### Dataset section
────────

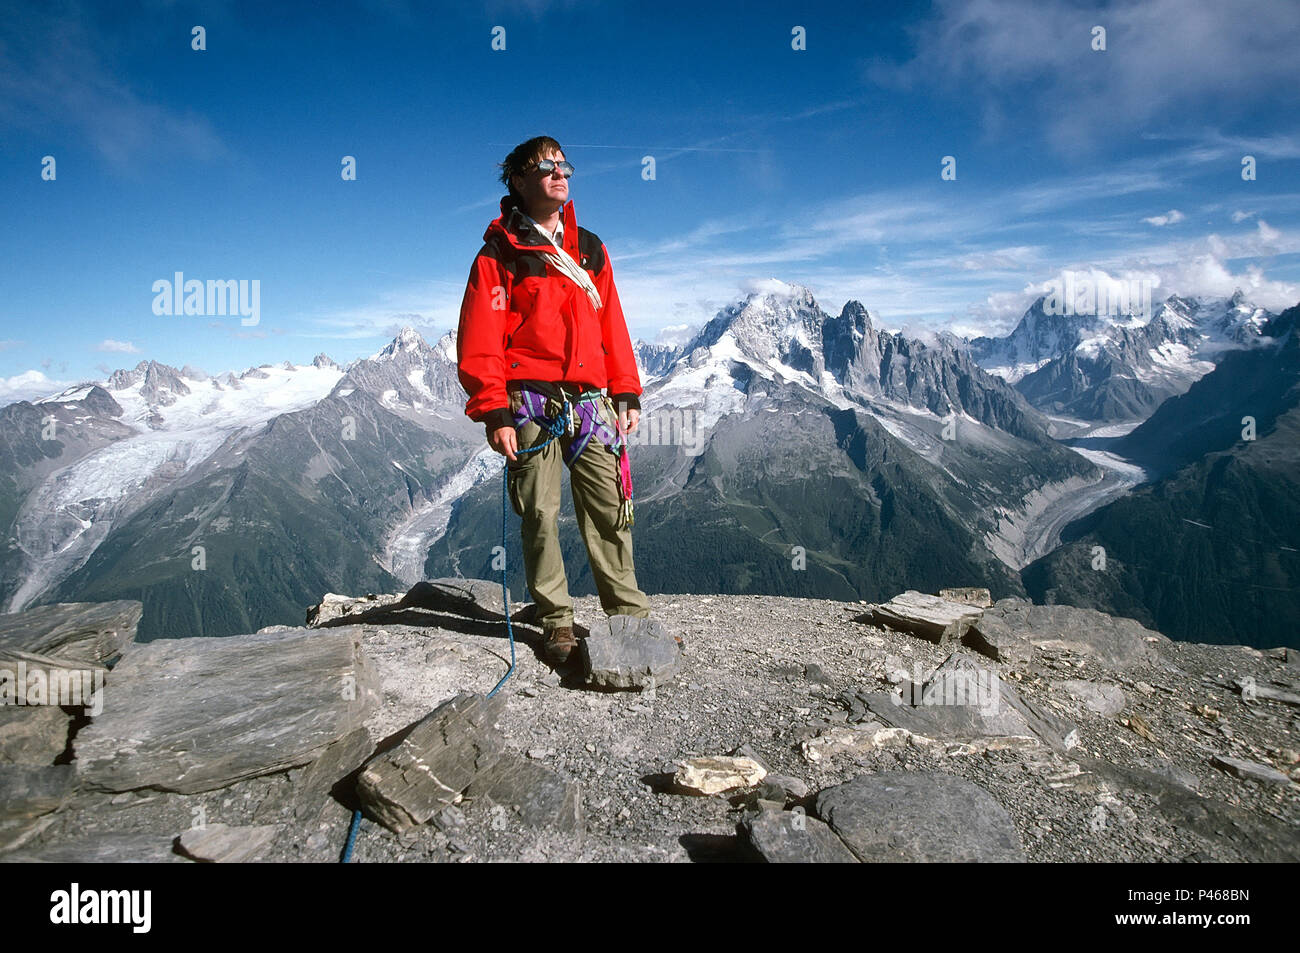 A climber poses on the summit of Aiguille de la Belvedere in the Chamonix Alps, France Stock Photo
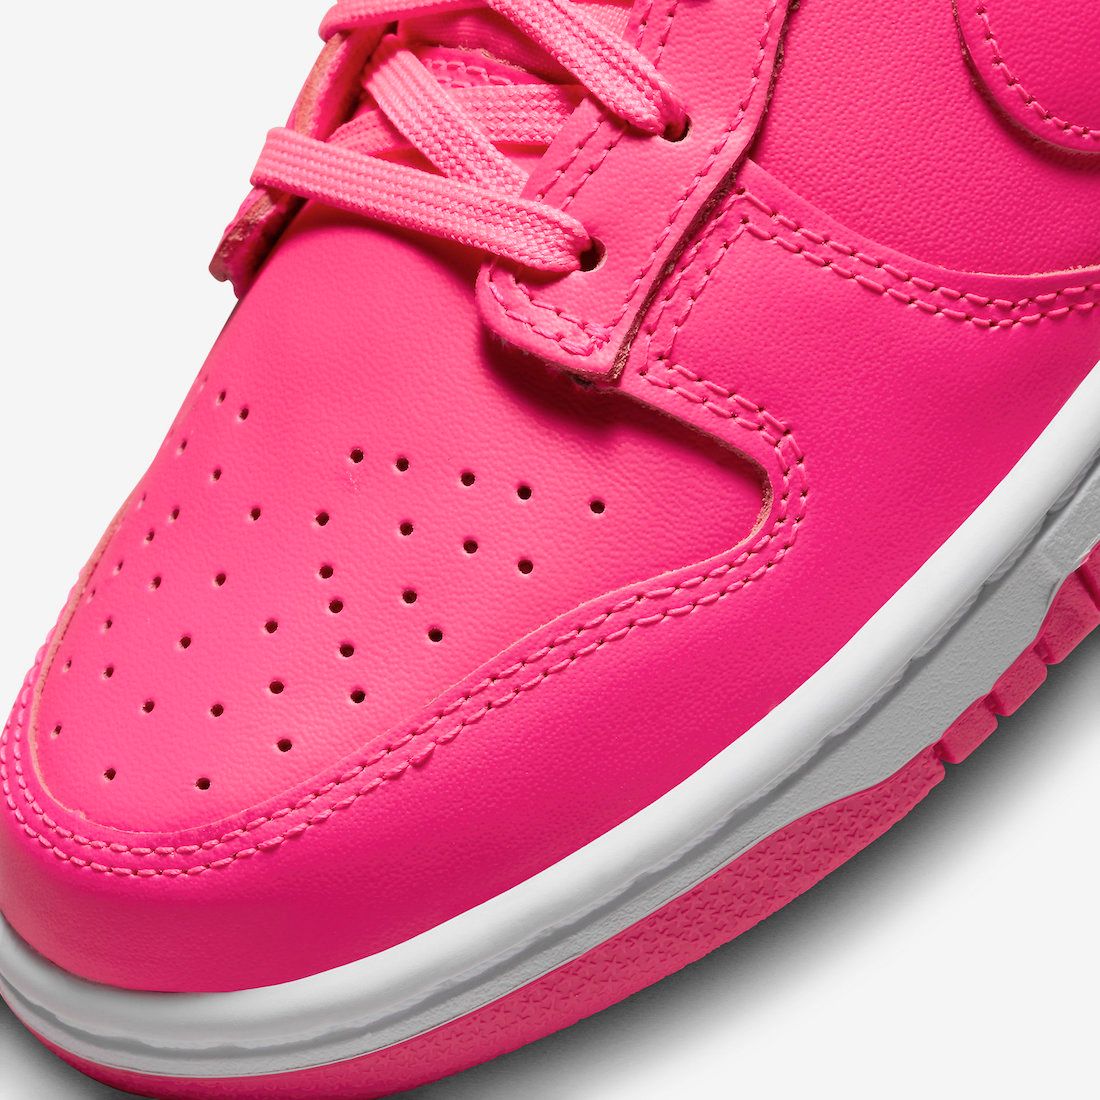 Nike Dunk Low Hot Pink D Z5196 600 Release Date 6
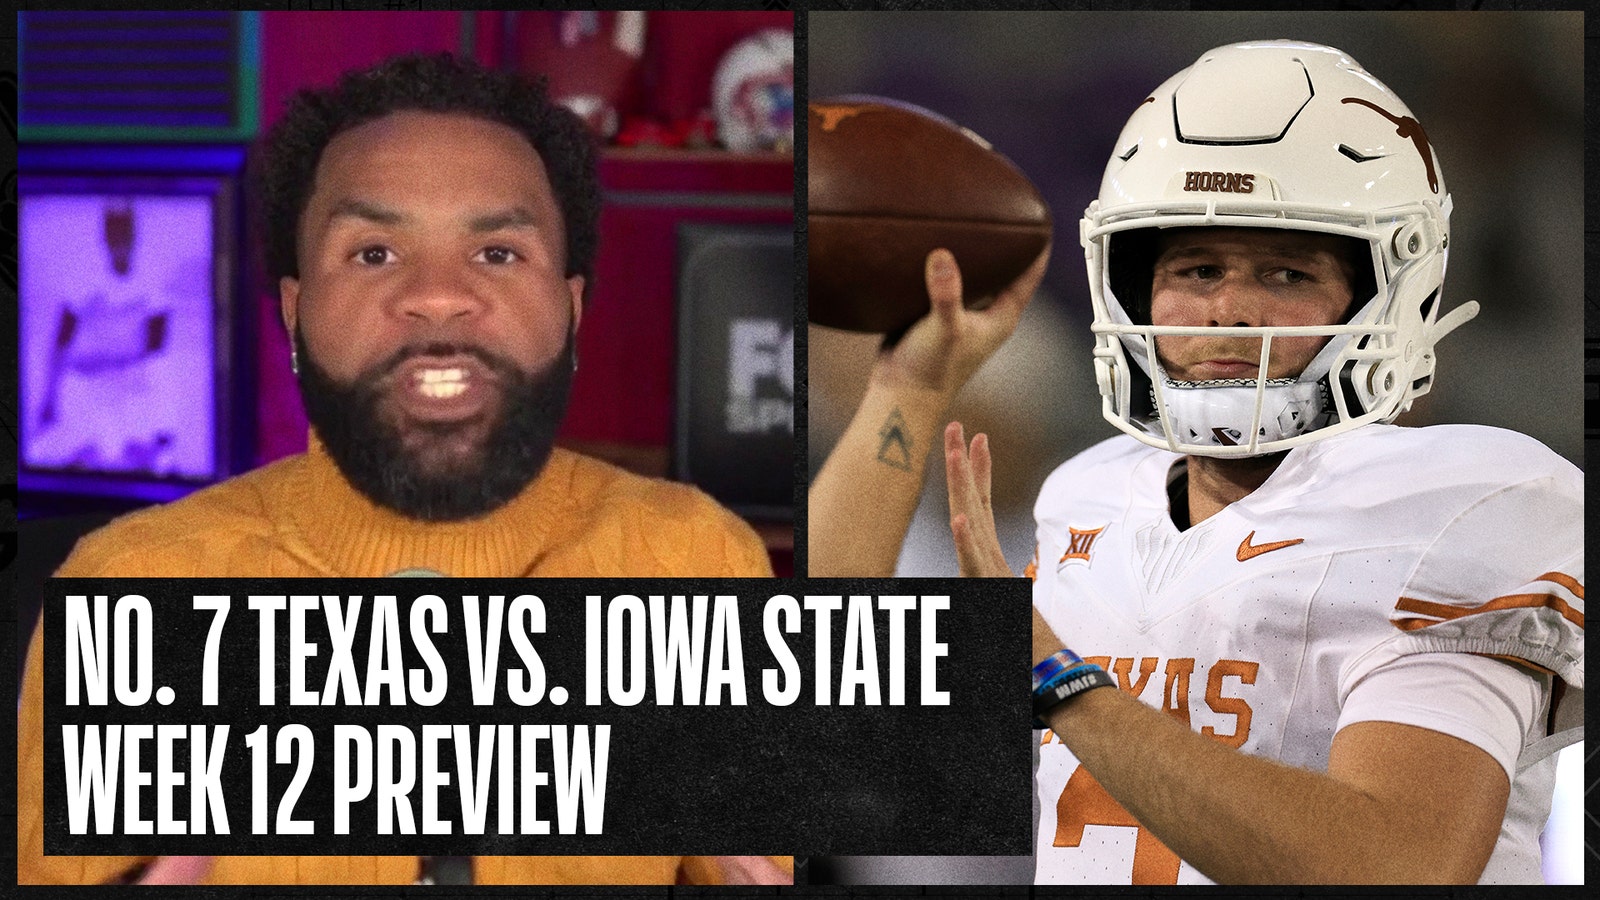 Iowa State could be a problem for No. 7 Texas
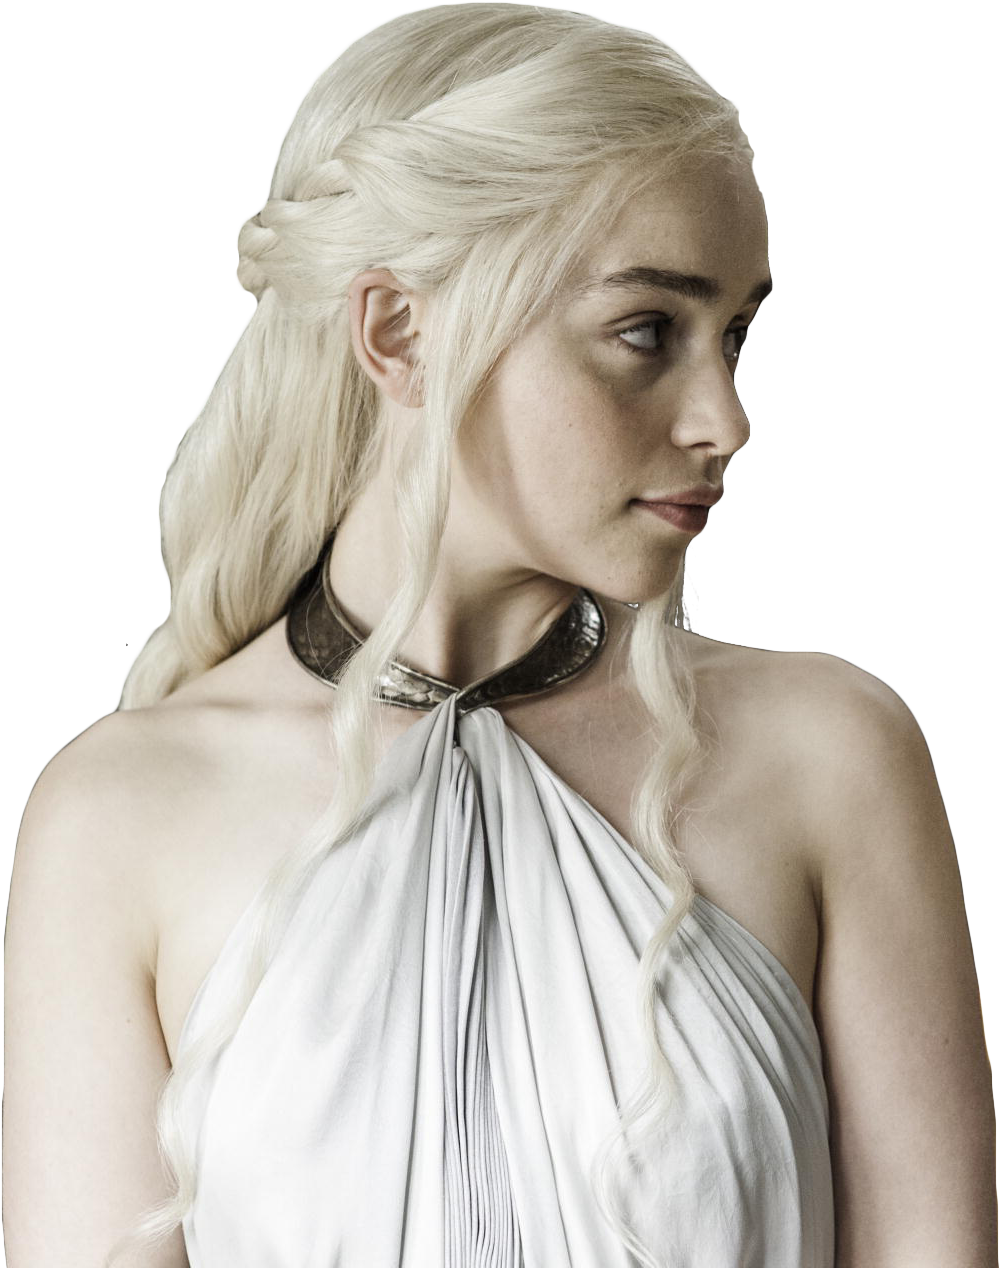 Emilia Clarke Games of Thrones PNG Clipart Background

────────

### Problem requirements
Write out the data word for word, with every picture dropped.

### Finished task
 A climber poses on the summit of Aiguille de la Belvedere in the Chamonix Alps, France Stock Photo
 Nike Dunk Low Hot Pink D Z5196 600 Release Date 6
 Iowa State could be a problem for No. 7 Texas
 Emilia Clarke Games of Thrones PNG Clipart Background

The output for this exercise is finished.